A range of resources is available to those who perceive a learning environment as lacking inclusivity, as defined in the preceding paragraph. If possible, we encourage students to speak directly with their instructor about any suggestions or concerns they have regarding a particular instructional space or situation. Alternatively, students may bring concerns to another trusted advisor or administrator (such as an academic advisor, mentor, department chair, or dean). All classroom participants — including faculty, staff, and students — who observe a bias incident affecting a student may also file a report (whether personally or anonymously) utilizing the online Bias Report and Support System.

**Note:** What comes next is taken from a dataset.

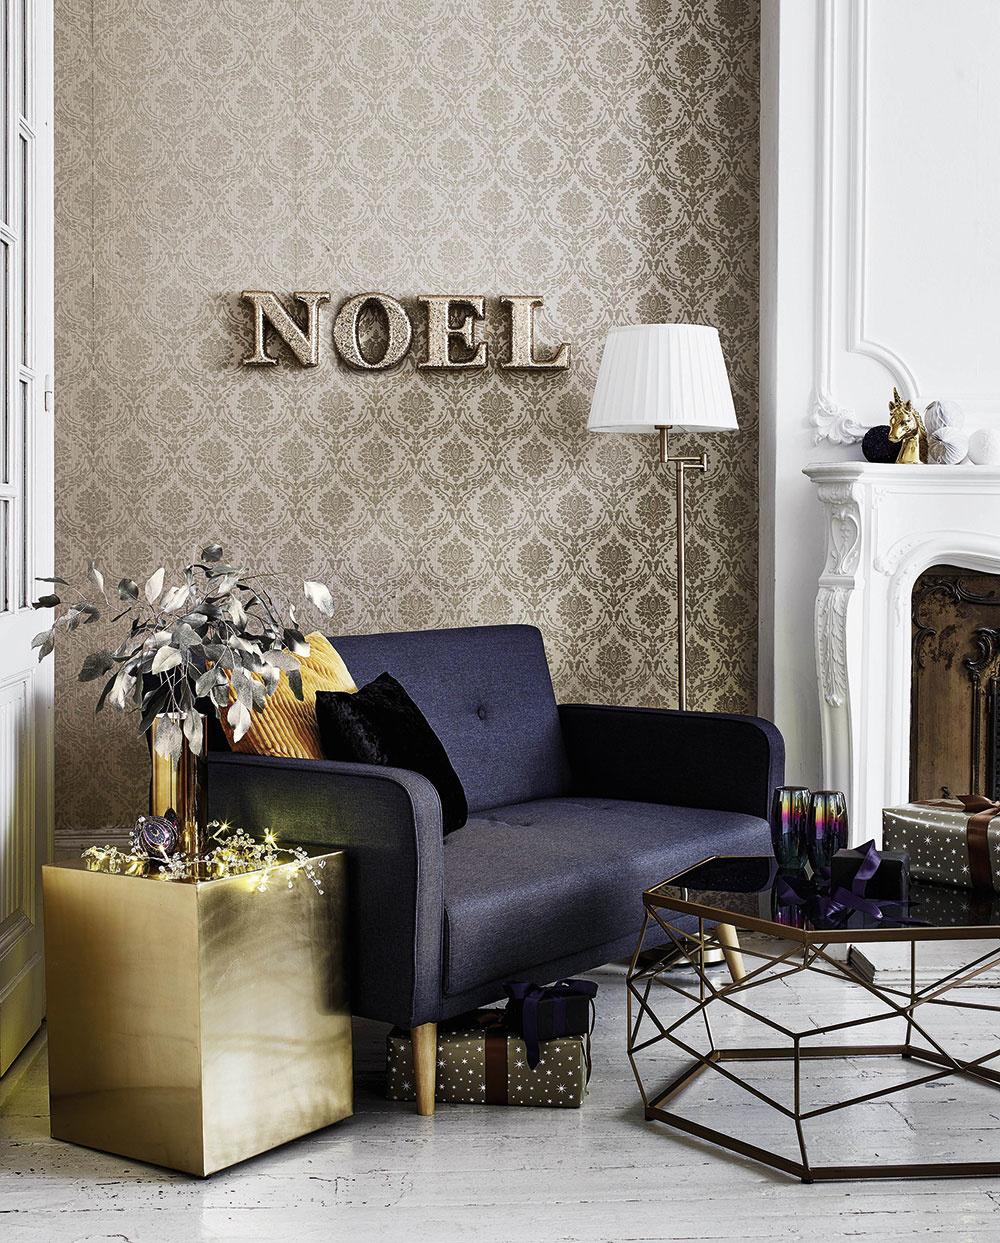 Metalické tapety s ornamentálnym vzorom sú tie pravé do glamour obývačky – zútulnia i nahradia obrazy alebo iné nástenné dekorácie. Postačí, keď tapeta bude dominovať na jednej stene v miestnosti.

Attendance is mandatory and will be documented for all course meetings. Sam Fox students are expected to arrive ready to participate and be fully engaged in the day’s coursework during the entire scheduled class period. Participation in major critiques and reviews by all students is essential to the development of all of students. Failure to do so will have an impact on your final grade. Following university policy, class will begin promptly with the start time listed in the undergraduate bulletin

Absences: Your priorities are yours, and I expect you to manage them like the adults you are. As such, I don't arbitrate what constitutes an 'excused' absence. Missing class will have an impact on your grade, but the severity of that impact is largely controlled by you, and how well you make accommodations — making a plan ahead of time, getting assignments from peers, remaining caught-up on work, etc. I'm happy to help you plan these accommodations ahead of time in order to minimize adverse impact.

Emergencies and Severe Illness: In situations of emergency or extreme illness, please contact Georgia Binnington and she will let all of your instructors know. Circumstances of severe illness or other emergencies will be handled on an individual basis. Should you become ill with the COVID-19 virus, informing Georgia is an appropriate course of action. While I hope very much that none of us find ourselves dealing with it, I will certainly make accommodations as needed should it occur.

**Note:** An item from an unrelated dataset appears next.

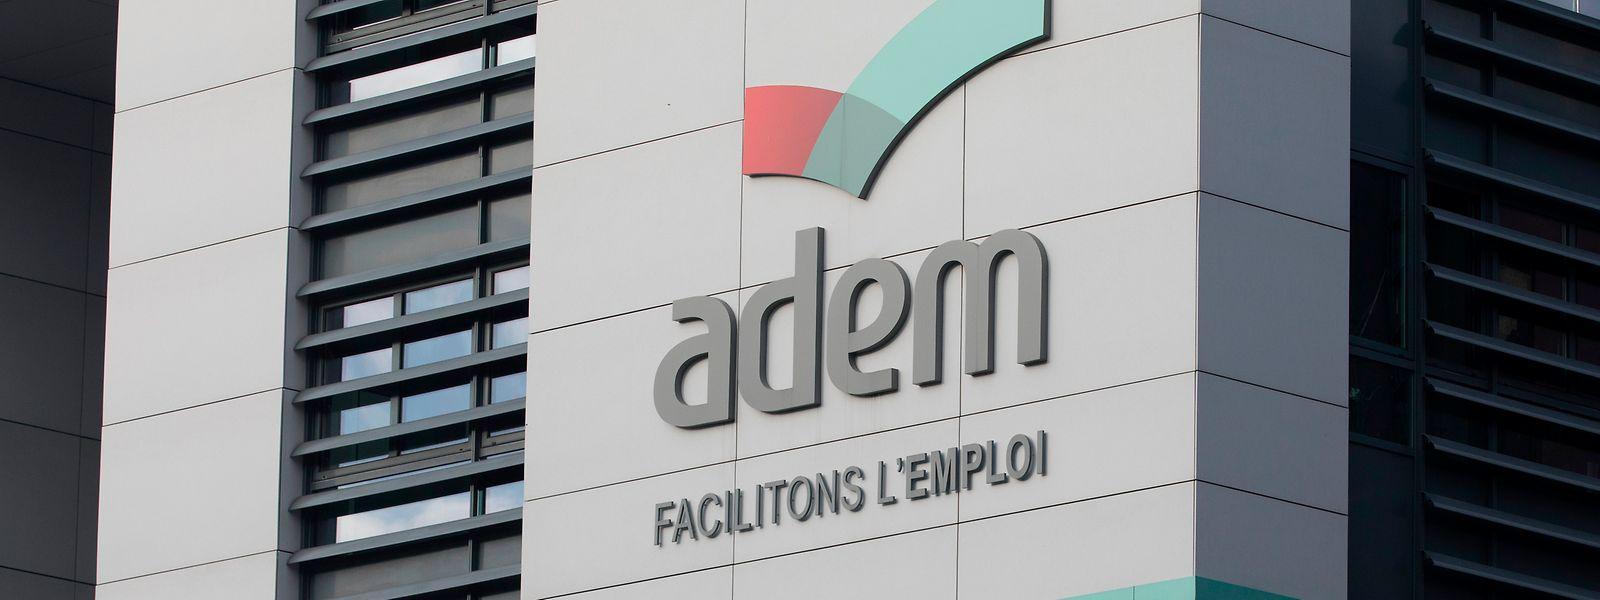 Le mois dernier, l'ADEM a ouvert 3.038 nouveaux dossiers de demandeurs d'emploi résidents, soit une hausse de 11% par rapport à octobre 2018.

Late Work: All deliverables are due at noon before class on the date specified, whether or not you are in class. Late work will adversely affect your final grade.

Religious Holidays: As noted above, your priorities are yours to determine. If observance of a holiday is your priority, I'm happy to work with you ahead-of-time to minimize adverse impact.


Your mobile phones / devices are welcome in class, but using them to conduct personal conversations or business is not. Please do not engage in emailing, texting, instant messaging, or social media conversations during class, unless specifically class-related.

Please refrain from working on assignments for unrelated classes while class is in session, or using your laptop and/or phone for non-academic purposes

Conduct yourself in accordance with Washington University's academic integrity policy.

Learning through examination of other people's work (peers, online references, viewing source code, etc.) is an expected and welcome part of the educational process, particularly in the web-development community, which tends to recognize the benefit of sharing. Recognizing this does not excuse the outright copying of anybody's work and claiming it as your own, or circumnavigating the learning process by simply dropping in somebody else's work 'under the hood.' Expect dire consequences from such behavior.

There are many free resources available to us, such as open-source code libraries and web-fonts. Use of these resources is often appropriate, but steer clear of digital assets which are not intended for unlicensed use. Easy-to-get does not mean ethical or legal to use. Cite references, provide links to sources, and clearly delineate what is your work and what isn't. This is particularly easy in a digital environment, where links and references can be written directly into your code as hyperlinks, citations, and comments.

Resources for Students

For information on all available student resources, including disability accommodations, campus safety, mental health resources, writing assistance, grievance procedures, and much more, please go to


The instructor reserves the right to make modifications to this information throughout the semester.